Sunday, July 31, 2016

Oh, You're Smart Enough? Refusing the Difficult Task of Learning to Reason

 

 The higher facilities of understanding and human will are vital to decision making. The object of the intellect is truth. Through will, the brain seeks this truth with all the body's senses in order to acquire knowable reality. The will and the brain apprehend knowledge, judge it, and reason with it. Thus, the process renders things understandable and allows humans to react with greater knowledge.

Lower faculties are vegetal – such as respiration, metabolism, growth, and generation – and sentient – related to feelings of sensations. In contrast to the lower facilities, humans' higher faculties are nurtured by their unquenchable free will. This drive allows them to understand meanings and to apply those meanings to their lives. Consistently attaining and possessing greater knowledge builds intelligence and wisdom. These are the noble goals of living.

In all its services, the intellect is a faculty or power for essential knowing. It seeks truth as the eye seeks light. Self-evident truths may be acquired through intelligence while truths that are not easily self-evident must be gained through reasoning. Inasmuch as the intellect (or more precisely the intellect as reason thinks-out the moral implications of a situation and judges on a point-of-duty, it is called conscience. Therefore, conscience is a practical judgment of the intellect and does not stem from feelings or emotions. Inasmuch as the intellect retains its knowledge, it is called intellectual memory.

(“Intellect and Will - Man's Higher Faculties.” copiosa.org.)

Why make all of these distinctions between higher and lower faculties? It is my contention that we must rise above being organisms content with possessing lower faculties and base, competent intelligence. With free will and an eye toward the truth, we must dedicate ourselves to improving our reasoning powers and building superior intellectual memories. Too many today are content with basic knowledge which equates to basic understandings.

I am not speaking about setting unrealistic goals of reaching genius levels of comprehension. Instead, I am saying intelligence guided by feelings and emotions is insufficient. People who turn to their emotions are using mostly lower faculties to attempt to reason, and the results are disastrous. In their laziness and unwillingness to build reason, they detract from society. Reasoning is difficult, time-consuming, and yet so, so rewarding. Learning to reason is a duty of every good citizen.

One does not have to be a genius to build intellectual memory. All a person needs is the will to learn, an open mind, and the desire to better his or her life through academic pursuits. Understanding that intelligence is the greatest resource and that an investment of time and effort in attaining it is the most valuable use of the faculties is imperative.
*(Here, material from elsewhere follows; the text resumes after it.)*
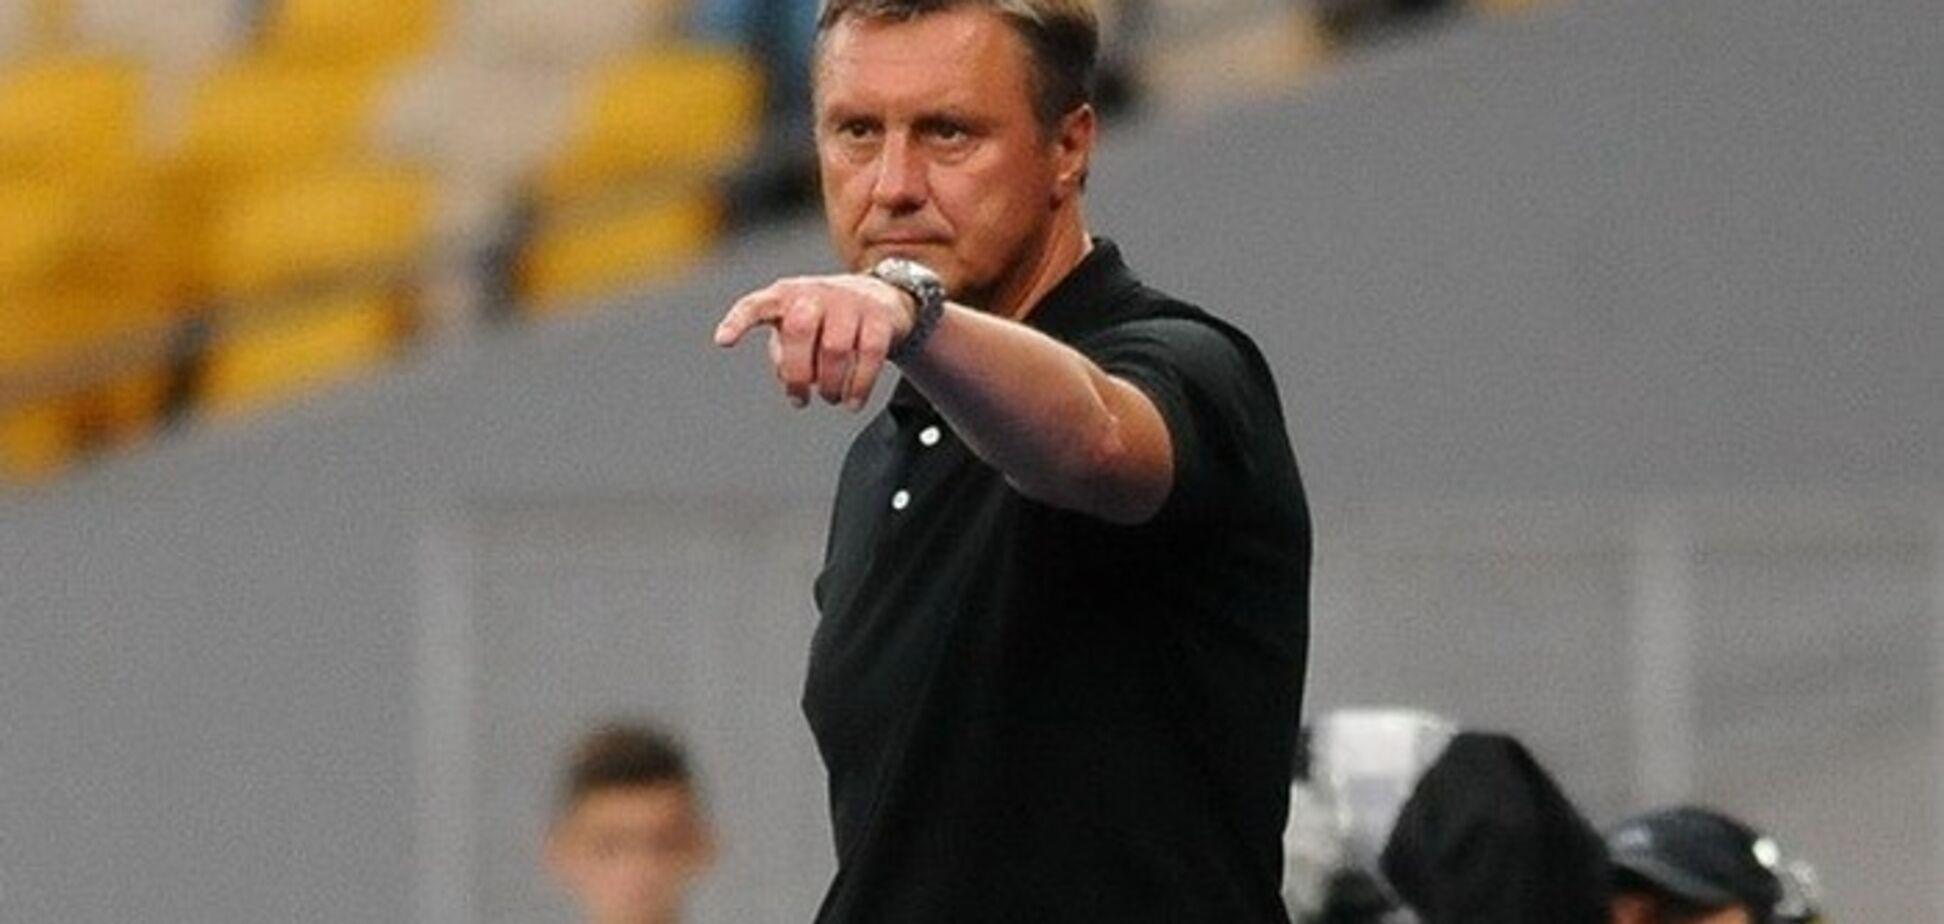 'Это трагедия': Хацкевич откровенно рассказал о состоянии футболистов 'Динамо' после вылета из Лиги чемпионов

And, the beautiful thing is that unlimited resources are available for attaining knowledge, the greatest personal asset.

“From the smallest necessity to the highest religious abstraction, from the wheel to the skyscraper, everything we are and everything we have comes from one attribute of man - the function of his reasoning mind.”
--Ayn Rand


Building the ability to reason prevents preconceived opinions from becoming unwarranted prejudices. It also constructs brave minds that thirst for knowledge, knowledge that breaks the chains of limitations that incapacitate those who refuse to learn. The truth provided by reasoning is far superior to the truth provided by stark facts because, in reality, most important judgments require intellect and knowledge to reach sound, viable conclusions.
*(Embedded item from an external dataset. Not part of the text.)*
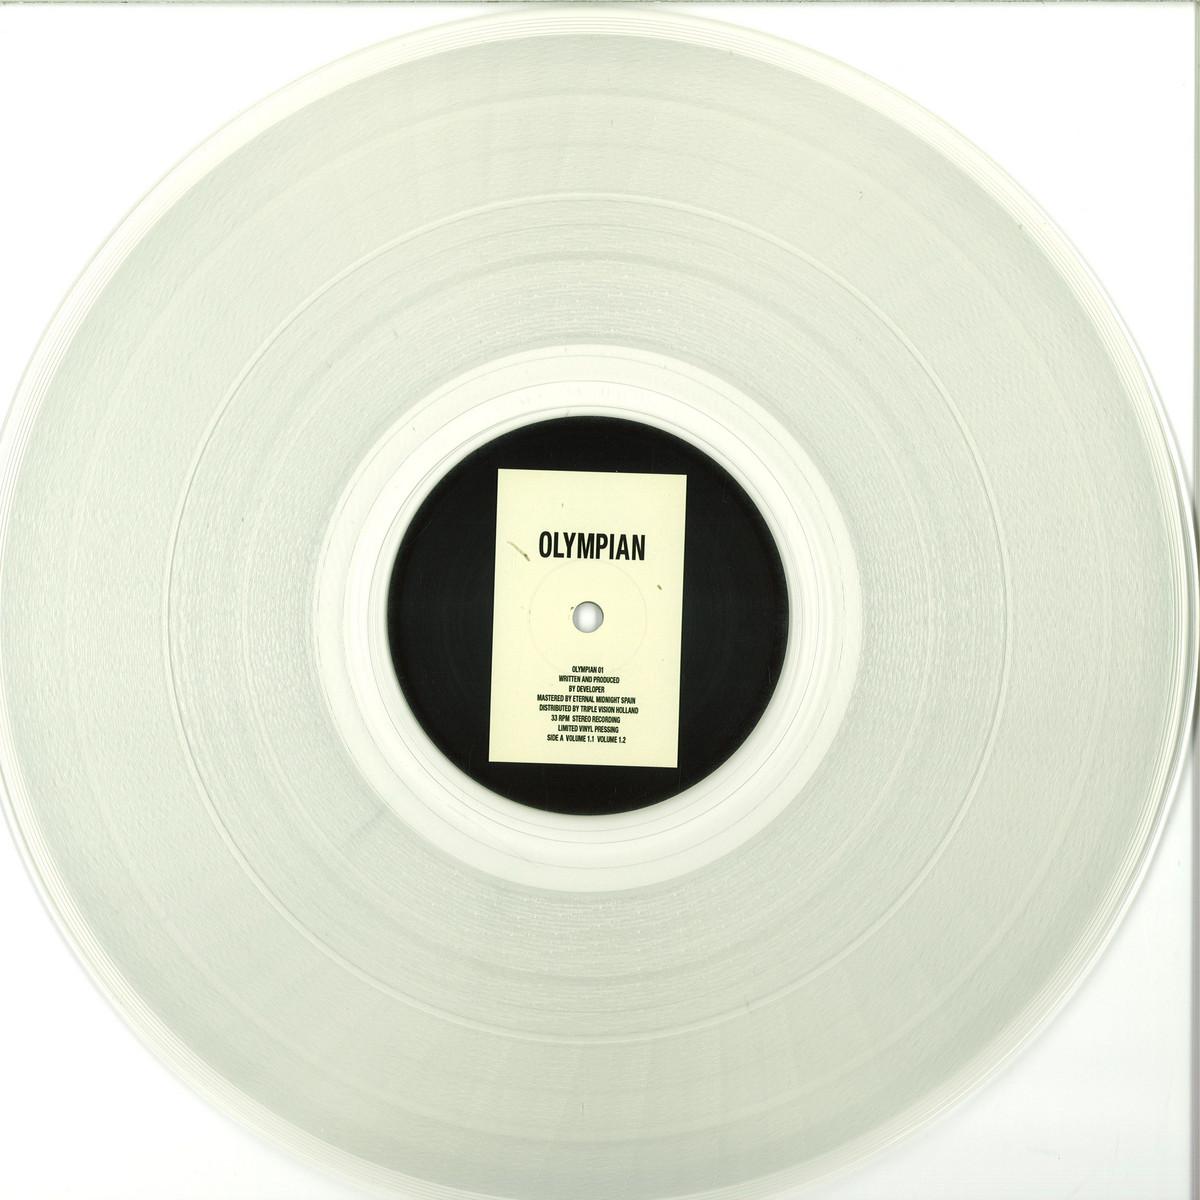 Developer Olympian 1 Olympian Olympian01 Vinyl

“Children must be taught how to think, not what to think.”
 --Margaret Mead


Above all, improved higher faculties guarantee humans' freedom from those who seek to control their lives – freedom from those who would restrict the books we read, take the liberties we love, and make us automatons by force-feeding us propaganda and making us unthinking subjects.

Intelligent Americans should always strive to feed their “intellect as reason” in order to be able to question the world as it is and to seek new solutions. Anyone who would attempt to use emotion to stir our powers of reasoning is attempting to short-circuit our higher faculties. The way to stop this deception and control is to learn, learn, learn without ever accepting bounds of “knowing all that you need to know.”
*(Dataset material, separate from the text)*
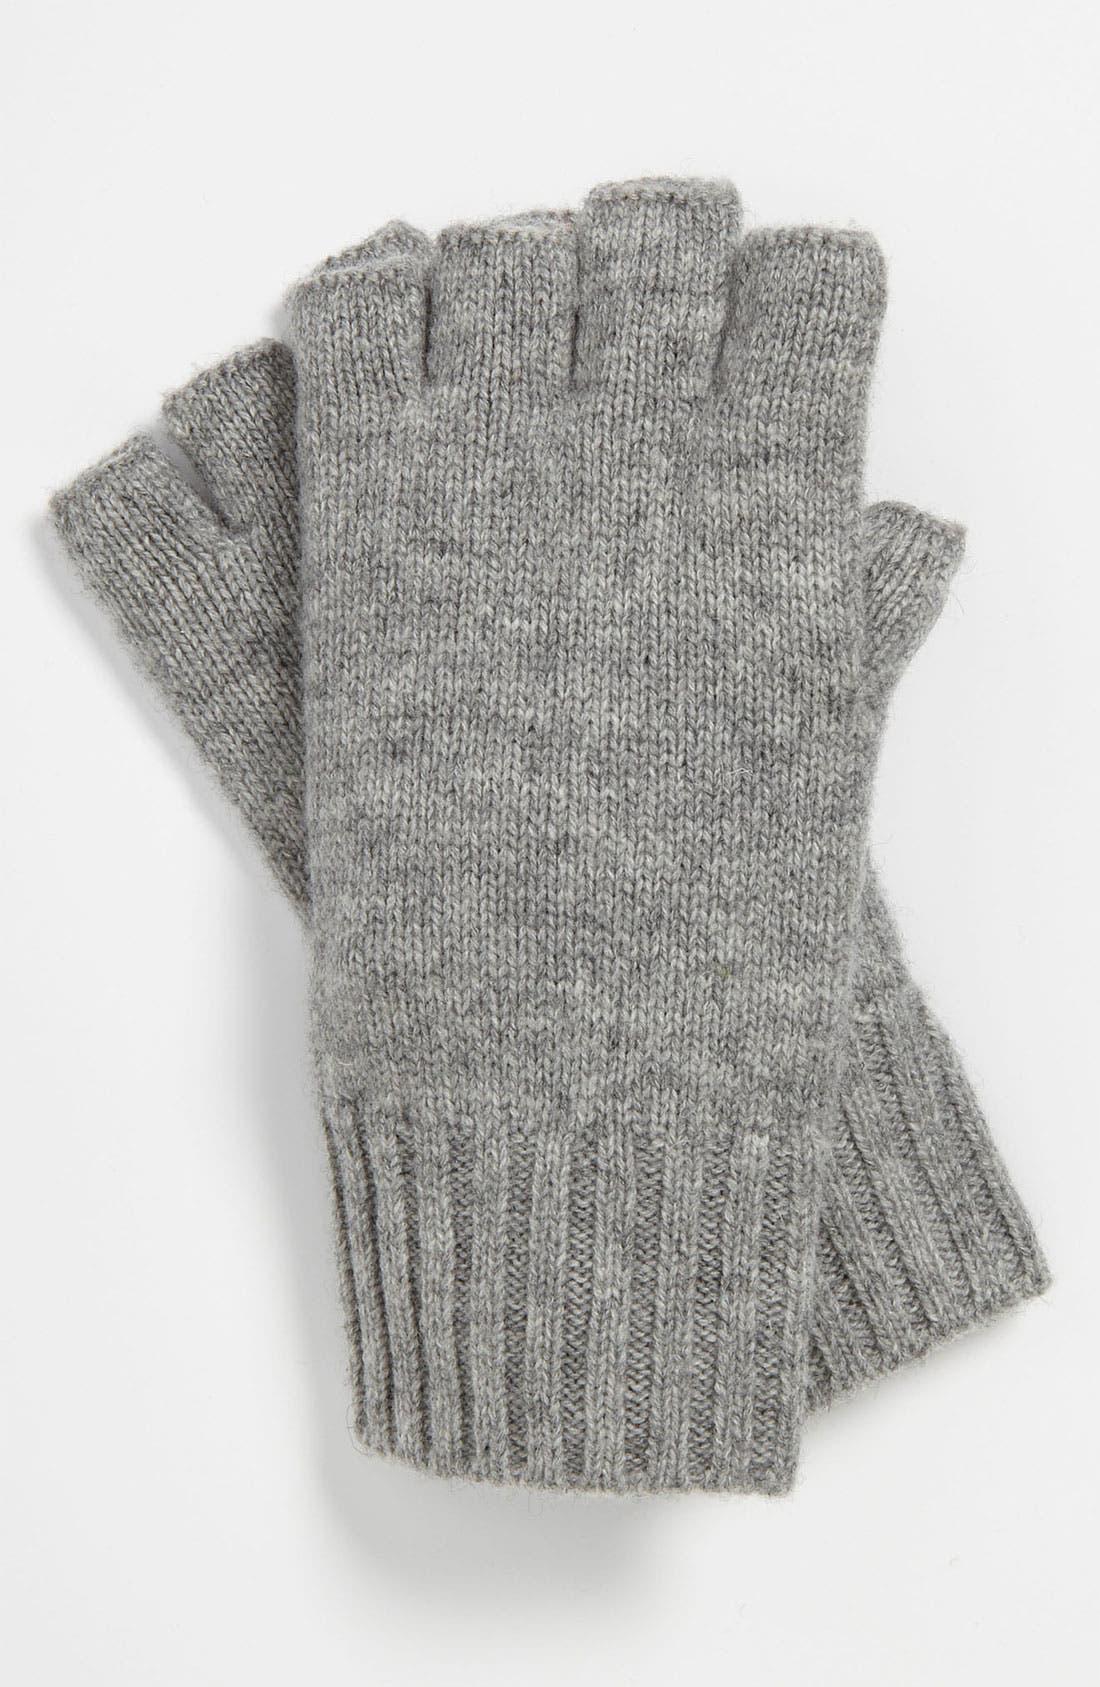 Main Image - Michael Kors Fingerless Gloves

“Here is a truth that most teachers will not tell you, even if they know it: Good training is a continual friend and a solace; it helps you now, and assures you of help in the future. 
Good education is a continual pain in the neck, and assures you always of more 
of the same.” 
 --Richard Mitchell, The Gift of Fire


Accept the pain of lifelong education. It is, indeed, a gift of “fire” that ignites the brain, the heart, and the soul. With it, your passion is unquenchable. Without it, you are merely treading water.